Bertemu Ketua MPR, Try Sutrisno: Empat Alasan Kenapa RUU HIP Perlu Diubah

Kamis 02 Jul 2020, 22:10 WIB
Wakil Presiden RI  ke-6 Try Sutrisno saat usai menyasampaikan masukan soal RUU HIP. (rizal)

Wakil Presiden RI ke-6 Try Sutrisno saat usai menyasampaikan masukan soal RUU HIP. (rizal)

JAKARTA -  Wakil Presiden RI  ke-6 Try Sutrisno bersama Purnawiran TNI mendatangi Pimpinan MPR RI untuk memberikan saran dan masukan terkait Rancangan Undang-Undang Haluan Ideologi Pancasila (RUU HIP).

Try meminta pimpinan MPR mengupayakan RUU HIP direvisi dari semula mengatur tentang haluan ideologi menjadi Pembinaan Ideologi Pancasila (PIP) setelah mendapat persetujuan dari para purnawirawan.

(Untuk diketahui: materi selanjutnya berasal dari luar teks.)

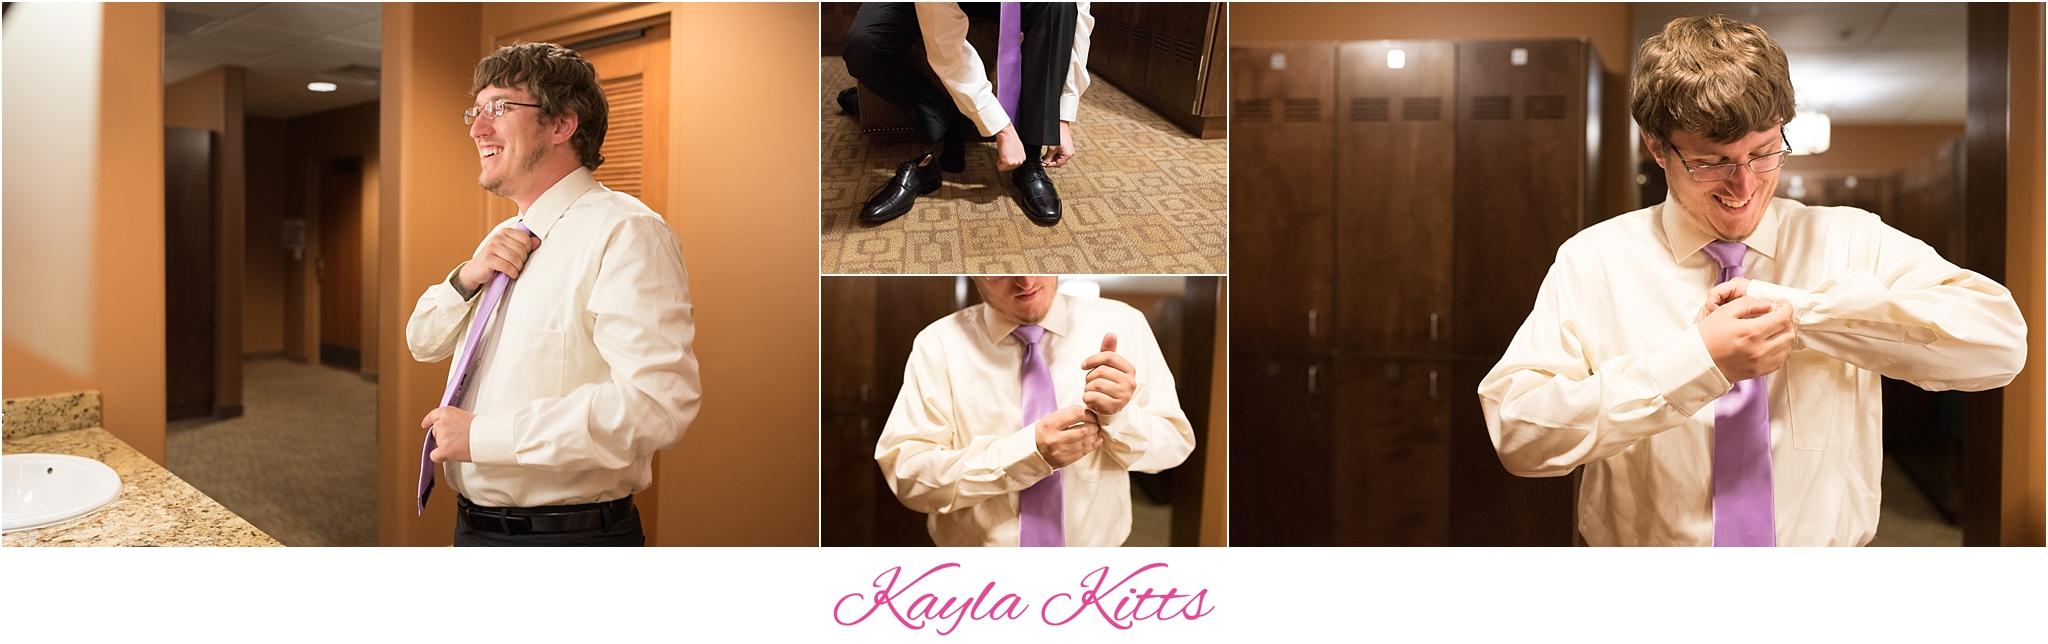 kayla kitts photography - albuquerque wedding photographer - angel fire wedding photographer - angel fire country club - albuquerque venue - casa de suenos - hotel albuquerque wedding - new mexico wedding photographer_0005.jpg
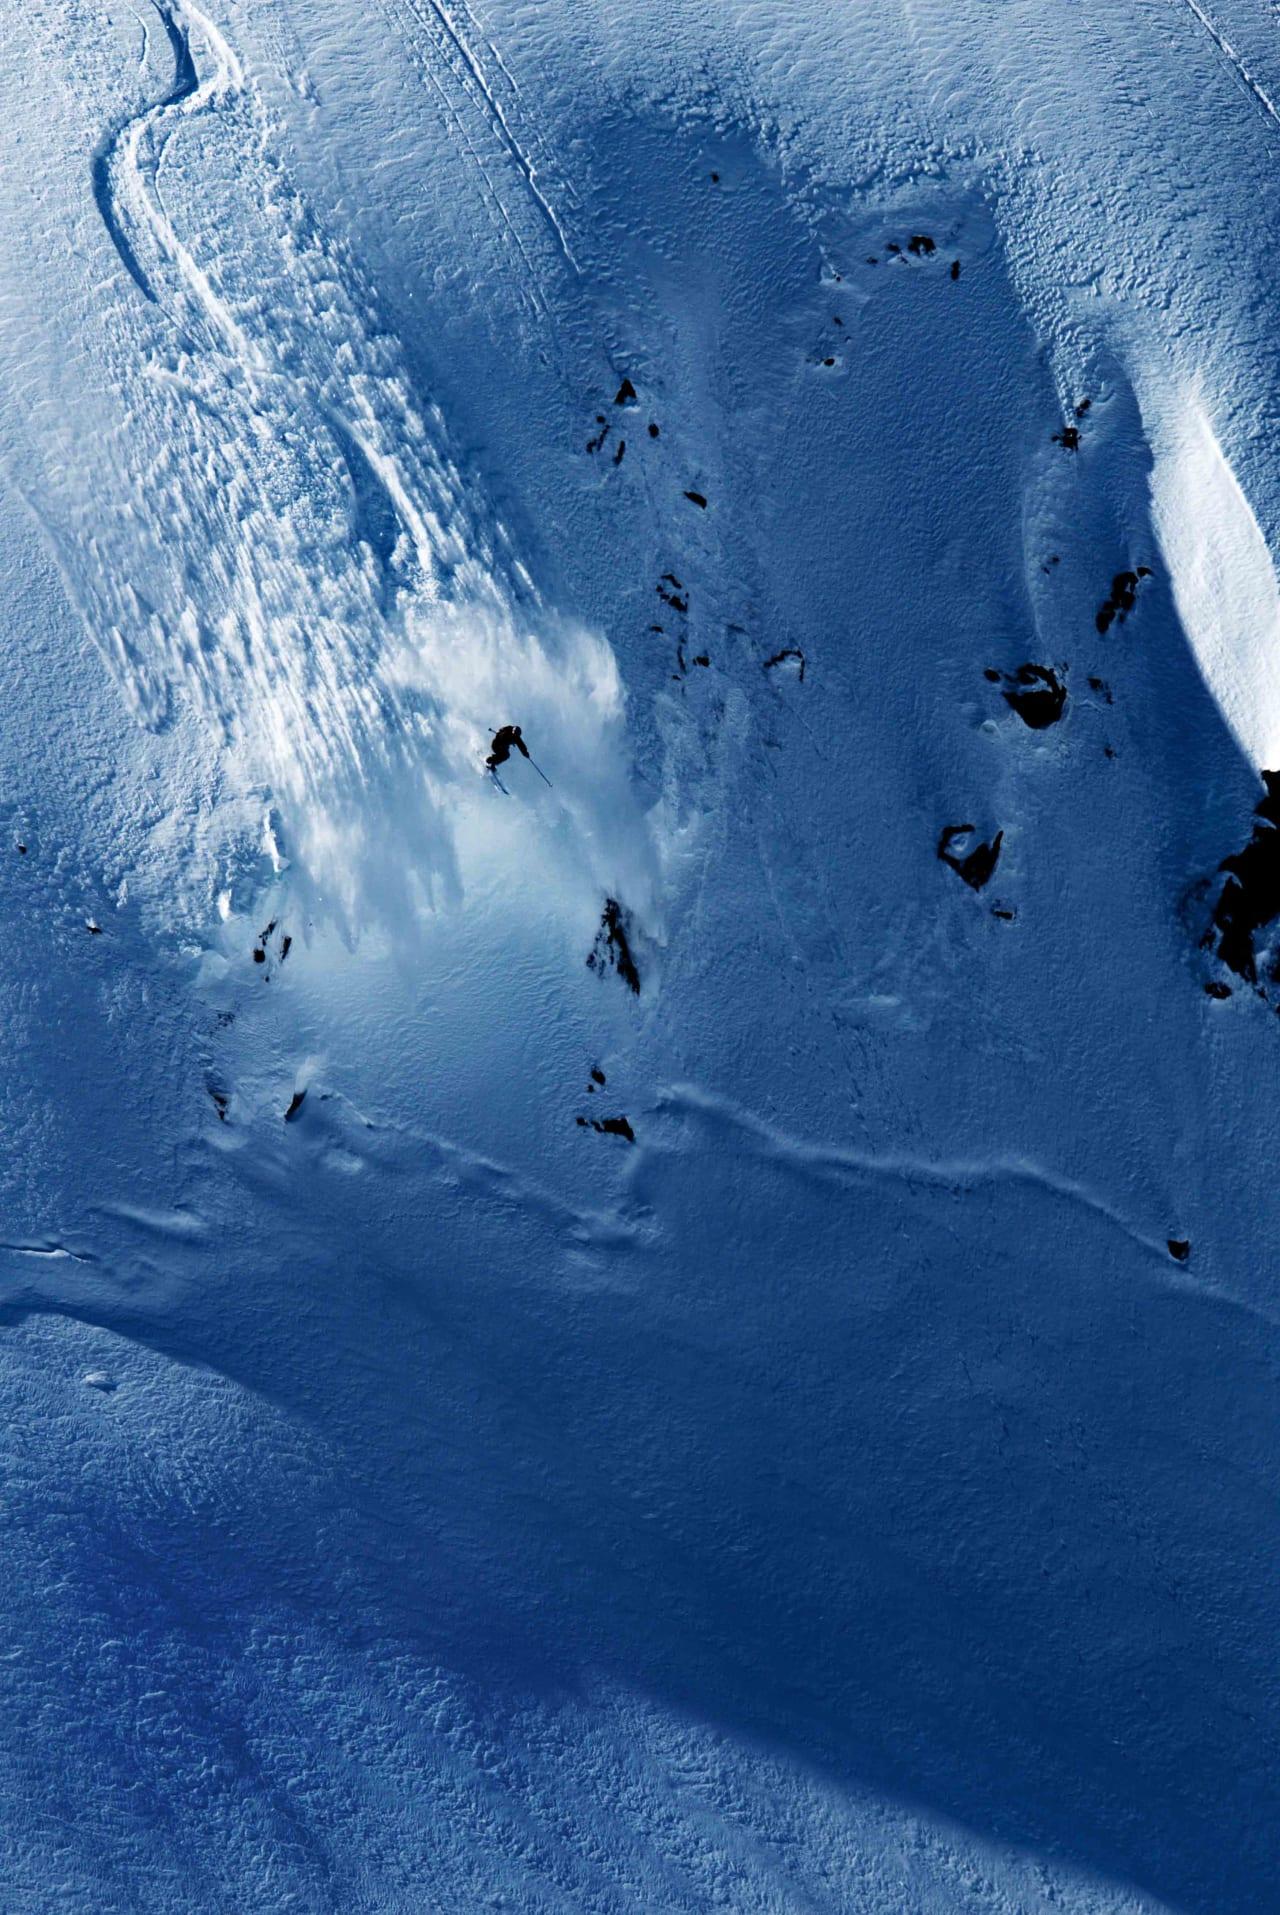 BLÅFJELL: Omund Sletten kjører ei dramatisk linje på nordsiden av Blåfjell –ett av områdene som Eid kommune ønsker å regulere for catskiing. Foto: Martin Innerdal Dalen

Demikian disampaikan Pak Try usai bersilaturahim dengan pimpinan MPR Bambang Soesatyo bersama para purnawirawan TNI sekaligus memberikan aspirasi mereka mengenai RUU HIP di Kompleks Parlemen, Kamis (2/7/2020).

"Dinamika tentang RUU HIP mencerminkan bahwa elemen masyarakat peduli atas falsafah dan ideologi. Pro kontra perlu kita pahami komprehensif dan bijaksana agar kohesif tidak terganggu," kata Try kepada wartawan.

Try menegaskan,  Pancasila merupakan norma yang mengatur norma lain di luar Pancasila. Selain itu, kata dia, Pancasila juga telah dijadikan ruh oleh pendiri bangsa ke dalam tubuh UUD 1945. Oleh sebab itu, Undang-undang tidak selayaknya mengatur mengenai falsafah Pancasila karena menyangkut asas negara.

Try bersama purnawirawan TNI mengatakan sepakat agar RUU HIP dilakukan perubahan, yakni direvisi menjadi RUU yang mengatur tentang pembinaan ideologi Pancasila. Dengan demikian, RUU yang baru bukan lagi mengatur soal haluan tapi implementasi dan pembinaan ideologi.

"Setelah mempelajari draft RUU HIP atau pembinaan ideologi dan dinamika masyakarat. kami sadari draft HIP perlu revisi beberapa pasal," katanya.

Try menerangkan ada empat alasan mengapa RUU HIP perlu diubah menjadi RUU PIP. Dia mengatakan salah satunya karena sejak era reformasi masyarakat telah berpaling dari wacana pembinaan ideologi Pancasila. Keadaan itu membuat Pancasila telah tidak hanya ditinggalkan, tapi juga ditanggalkan.

"Misal BP7 (Badan Pembinaan Pendidikan Pelaksanaan Pedoman Penghayatan dan Pengamalan Pancasila) bubar tapi enggak ada pengganti. Pelajaran Pancasila mulai dari TK sampai universitas tak lagi wajib," katanya.

Kedua, konsekuensi dari poin pertama mengakibatkan ideologi transnasional menjadi bebas masuk ke negeri ini. Paham seperti liberalisme, radikalisme, bahkan terorisme masuk dengan bebas sehingga tatanan ekonomi dikuasai pemilik modal.

"Demikian juga paham kekhalifahan, intoleransi dan terorisme yang dimotori HTI. Potensi paham komunis atau neokomunisme juga harus dicermati, diwaspadai terus menerus," jelasnya.

Ketiga, potensi ancaman poin kedua, menurutnya, semakin mengkhawatirkan seiring canggihnya teknologi dengan dominasi negara maju atas negara berkembang. "Jajahan tak melulu soal fisik tapi proxywar," ujarnya.